# [Information supplied]
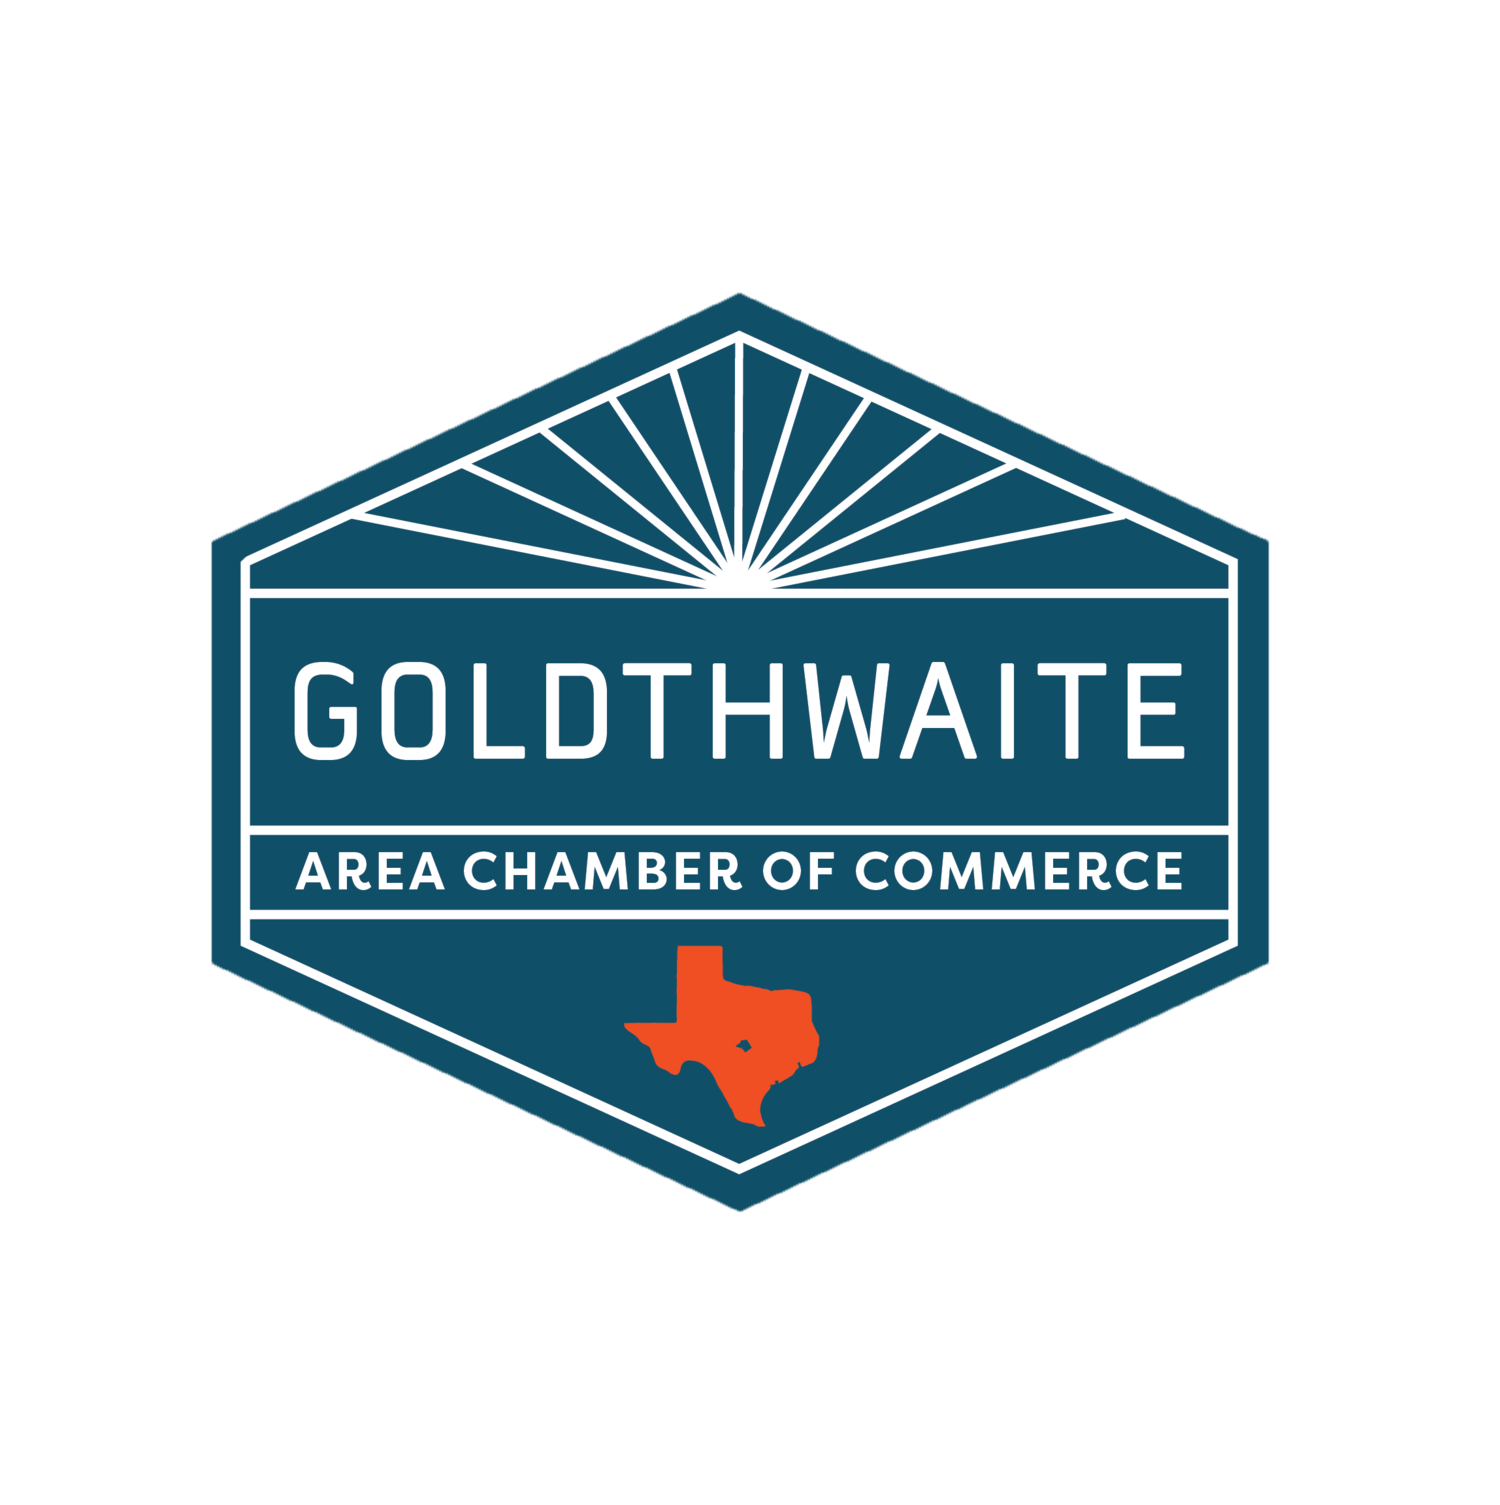 Goldthwaite area Chamber of Commerce
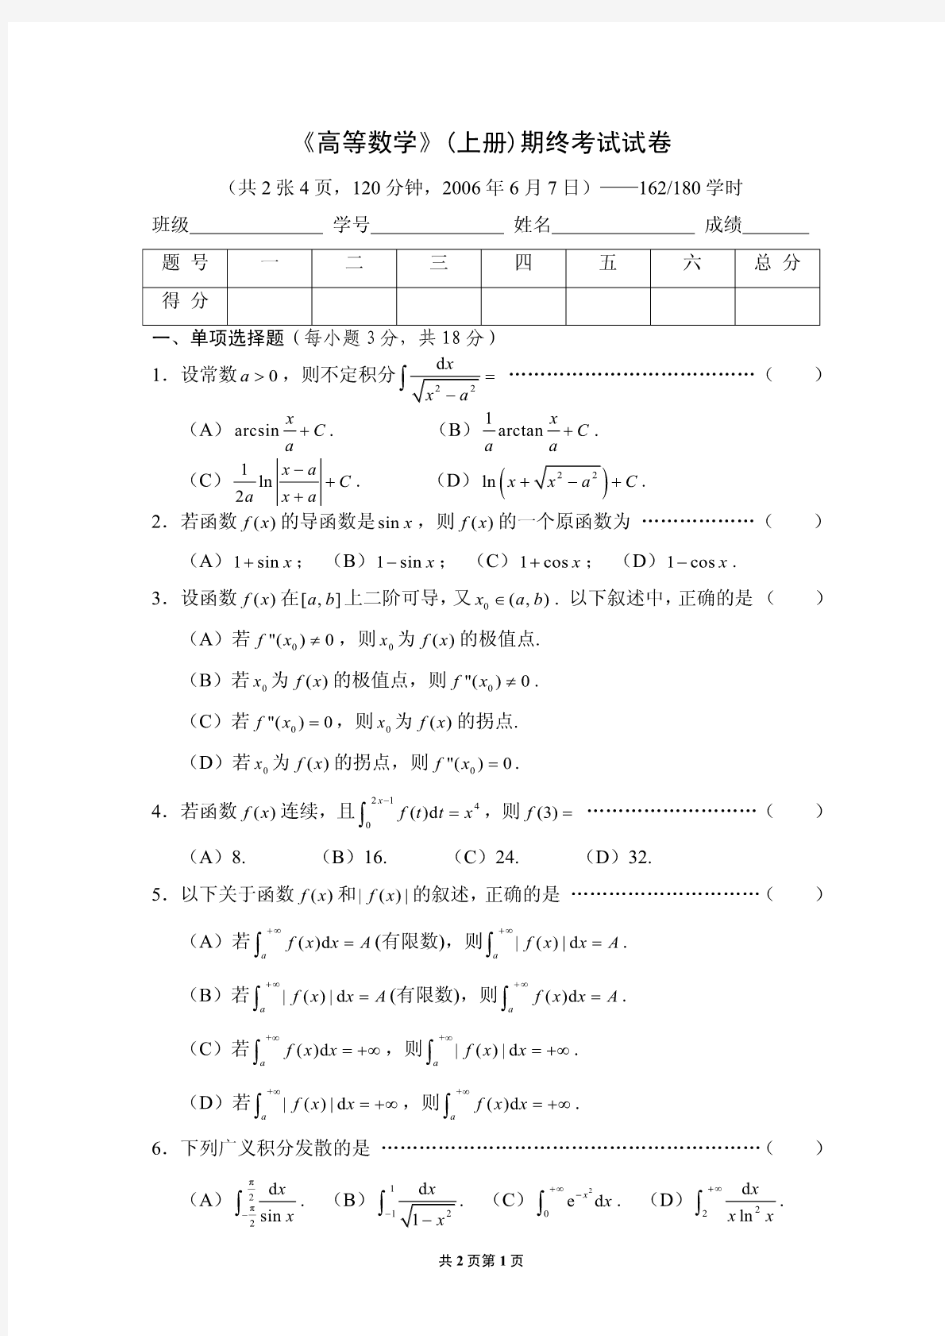 上海交通大学微积分(上册)教学试卷期终试卷
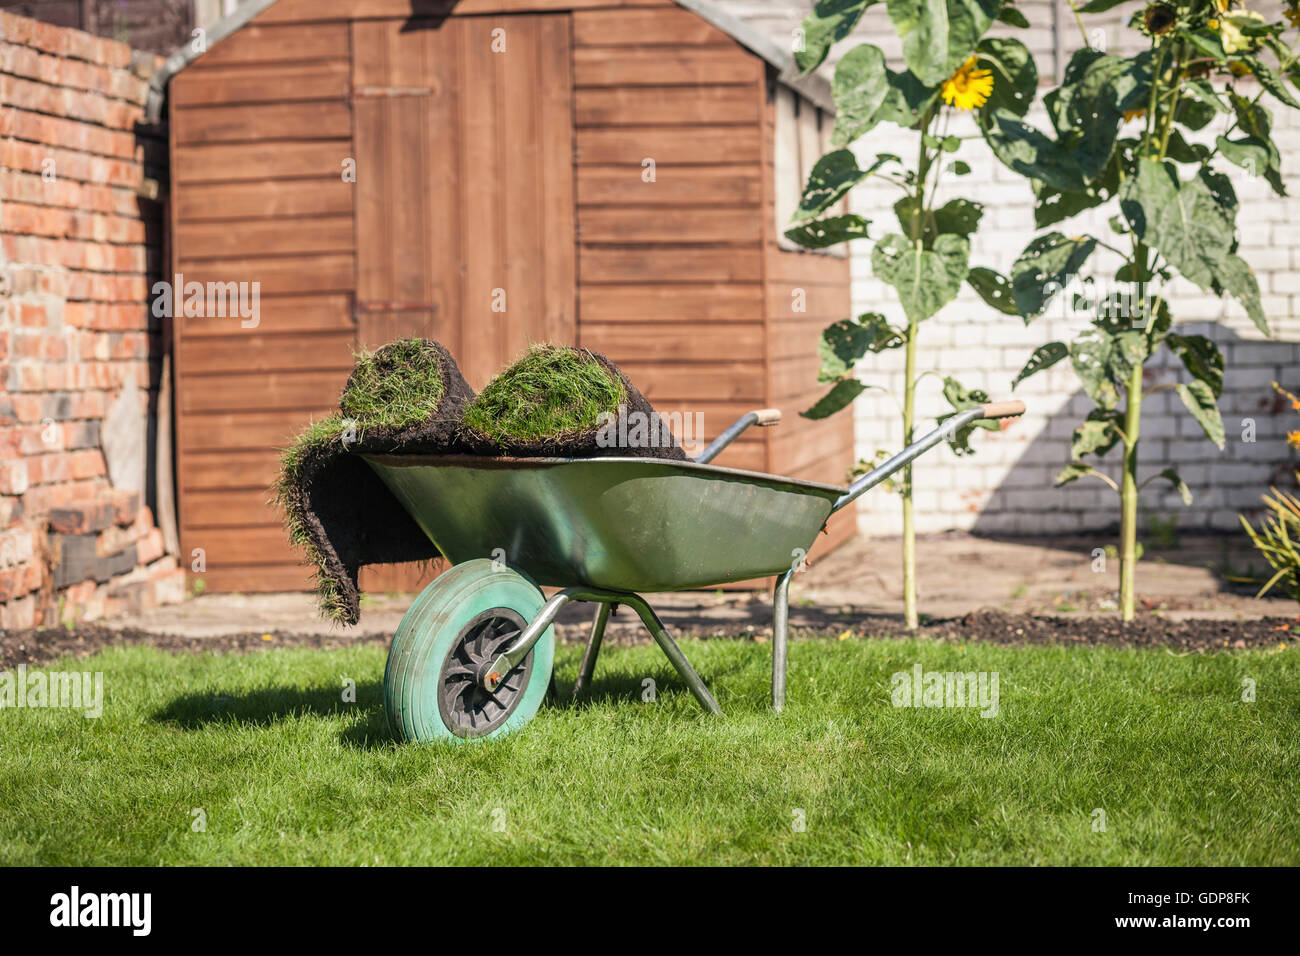 Turf rolls in wheelbarrow on garden lawn Stock Photo

# [Requirement]
Could you return the listing above exactly, minus its pictures?

# [Response area]
 Goldthwaite area Chamber of Commerce
 上海交通大学微积分(上册)教学试卷期终试卷
 Turf rolls in wheelbarrow on garden lawn Stock Photo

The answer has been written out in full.